The film is reportedly based on an incident that happened in 2014. Both Shuhei and Akiko are ultimately arrested. The authorities try to make Akiko confess that it was she who planned the murders of her parents. Selfish and unrepentant, she asks if they have any proof to support these allegations, knowing they don’t. she also knows that Shuhei will never betray her. The pervasive control that she has over him ensures that. And she is right. Despite the efforts of the authorities, Shuhei refuses to implicate his mother in the double-murder case. Ultimately, he is sentenced to 12 years in prison, Akiko receives three years of probation, and Fuyuka is placed in foster care.

Aya visits Shuhei in prison and asks him for his reasons. He reluctantly answers that he did it because he loves his mother.
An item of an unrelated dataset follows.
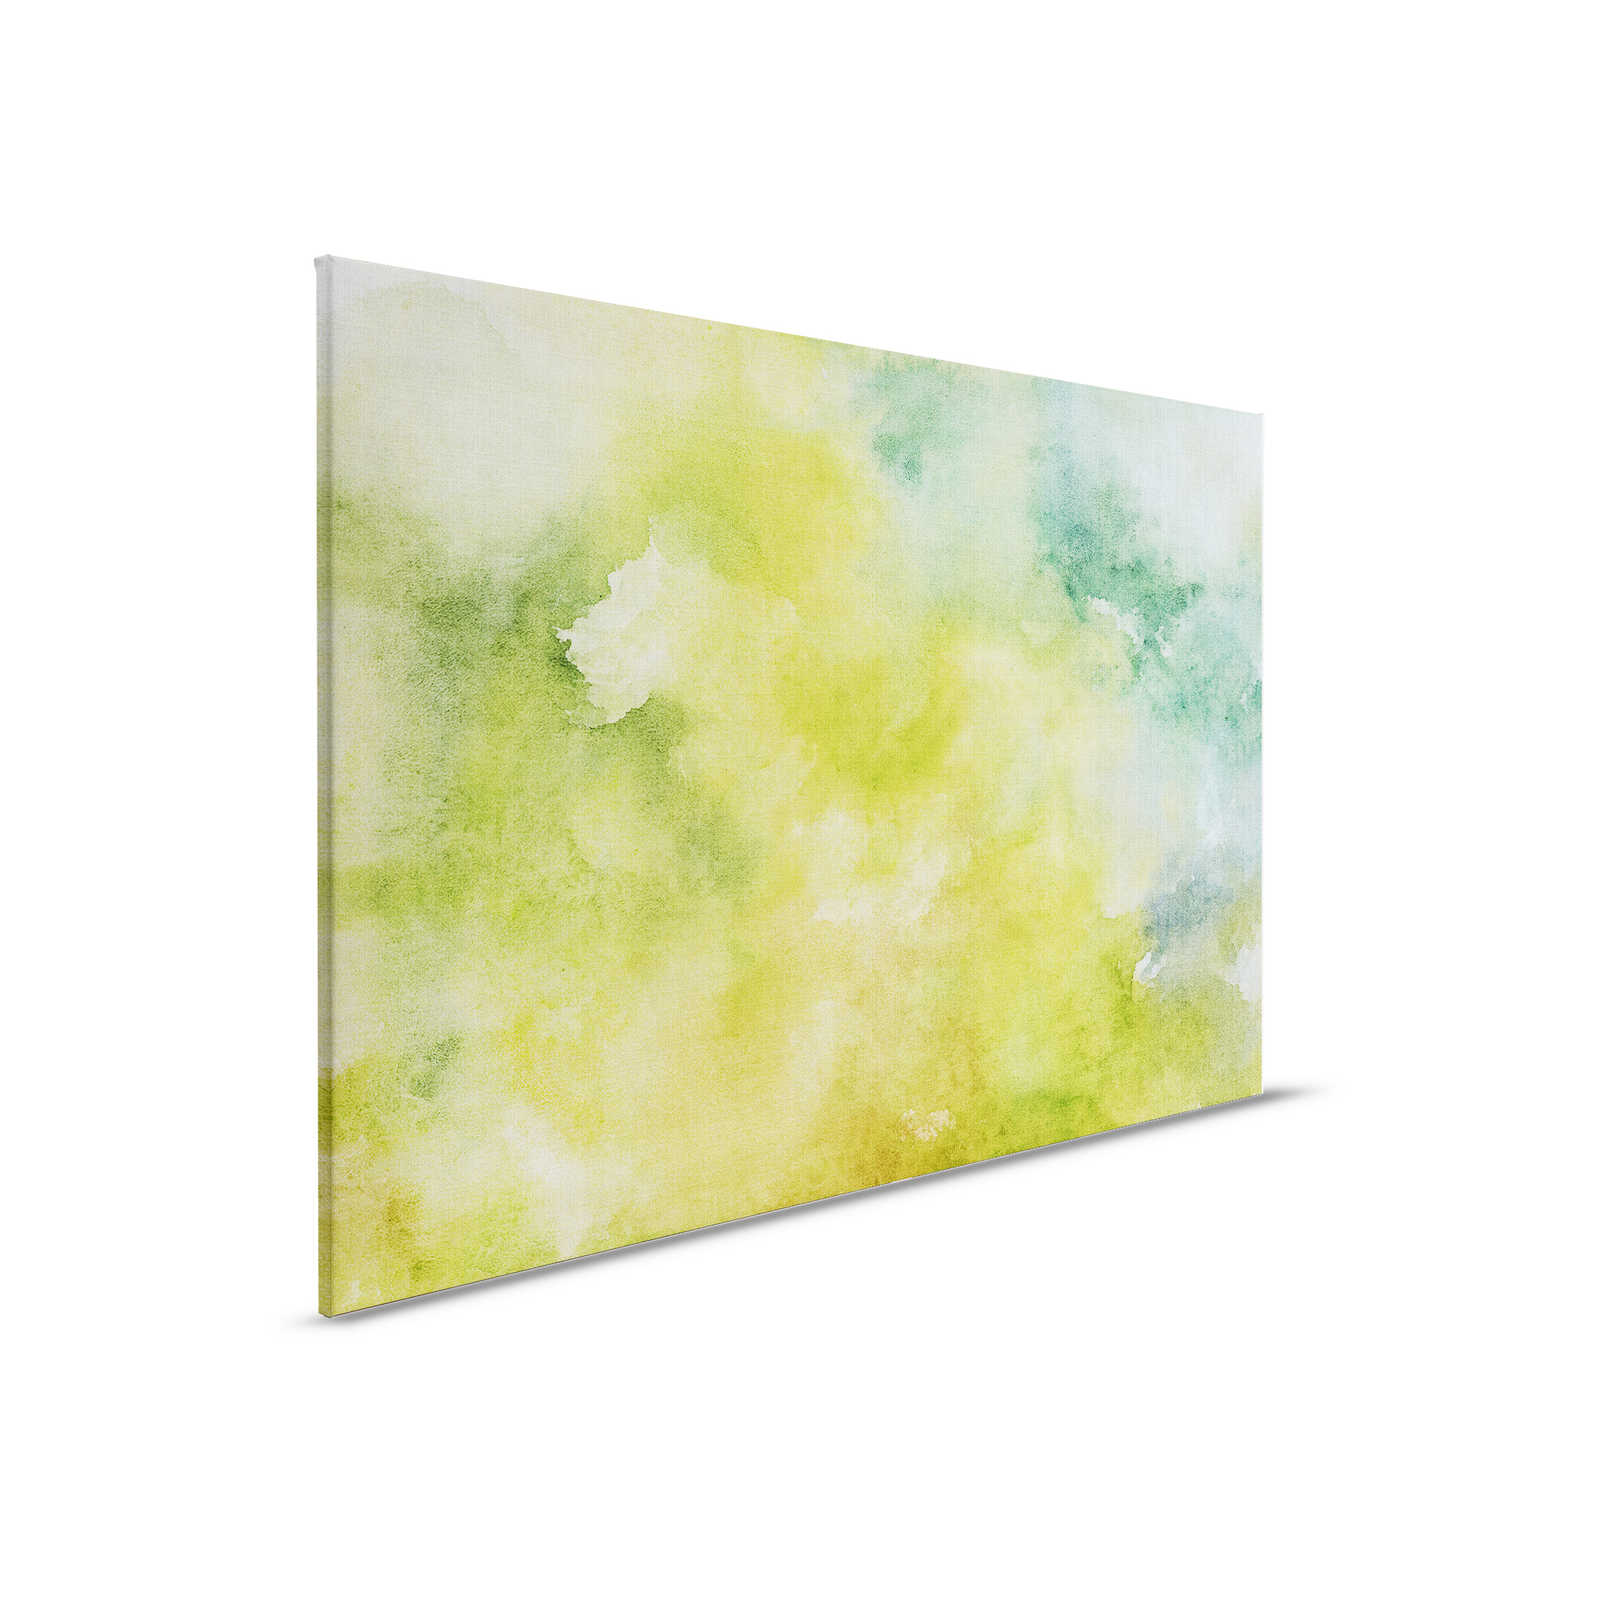 Acuarelas 3 - Motivo de acuarela verde como cuadro en lienzo con aspecto de lino natural - 0,90 m x 0,60 m

As he correctly says, his life has been wrong in so many ways, so he sacrifices whatever left of it so his mother can be happy. Akiko epitomizes toxic parenting. She takes away her son’s childhood, basic sense of dignity, and prospects of a future and only brings him suffering and pain. The film ends with Aya meeting Akiko and telling her about Shuhei and Fuyuka. Akiko continues to speak about her ownership over her children. But fortunately for them, she now has no control over their lives.